- Work required
The line that contains "Hot Leathers Native" and all lines following it to the end of the data below: set these down exactly, and nothing besides.

- Given data
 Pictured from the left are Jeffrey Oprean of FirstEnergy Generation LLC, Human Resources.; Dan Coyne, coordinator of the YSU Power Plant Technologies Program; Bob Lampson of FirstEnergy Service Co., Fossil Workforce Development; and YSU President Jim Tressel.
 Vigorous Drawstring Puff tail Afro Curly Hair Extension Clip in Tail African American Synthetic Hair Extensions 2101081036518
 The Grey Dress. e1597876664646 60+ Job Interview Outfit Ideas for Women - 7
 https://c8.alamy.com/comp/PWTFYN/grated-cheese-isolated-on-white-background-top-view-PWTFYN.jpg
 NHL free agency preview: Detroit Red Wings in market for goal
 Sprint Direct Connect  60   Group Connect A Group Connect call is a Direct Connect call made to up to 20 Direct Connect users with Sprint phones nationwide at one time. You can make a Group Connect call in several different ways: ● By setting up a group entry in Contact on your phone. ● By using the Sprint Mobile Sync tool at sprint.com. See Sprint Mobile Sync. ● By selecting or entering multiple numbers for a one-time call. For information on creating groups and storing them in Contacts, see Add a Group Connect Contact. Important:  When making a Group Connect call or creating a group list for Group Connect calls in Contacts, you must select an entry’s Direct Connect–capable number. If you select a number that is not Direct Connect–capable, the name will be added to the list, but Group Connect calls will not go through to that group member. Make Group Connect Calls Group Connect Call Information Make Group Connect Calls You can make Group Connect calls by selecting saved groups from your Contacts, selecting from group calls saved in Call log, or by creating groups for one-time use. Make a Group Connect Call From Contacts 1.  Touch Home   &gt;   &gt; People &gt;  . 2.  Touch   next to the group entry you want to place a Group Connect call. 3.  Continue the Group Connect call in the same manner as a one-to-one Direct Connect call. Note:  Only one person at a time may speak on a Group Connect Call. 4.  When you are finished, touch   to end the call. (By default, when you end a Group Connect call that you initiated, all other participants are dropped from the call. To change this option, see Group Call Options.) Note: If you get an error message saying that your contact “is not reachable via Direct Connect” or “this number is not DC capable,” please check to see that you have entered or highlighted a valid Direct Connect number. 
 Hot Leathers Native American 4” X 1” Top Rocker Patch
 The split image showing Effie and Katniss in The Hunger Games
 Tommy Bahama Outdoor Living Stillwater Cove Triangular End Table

- Finished exercise
 Hot Leathers Native American 4” X 1” Top Rocker Patch
 The split image showing Effie and Katniss in The Hunger Games
 Tommy Bahama Outdoor Living Stillwater Cove Triangular End Table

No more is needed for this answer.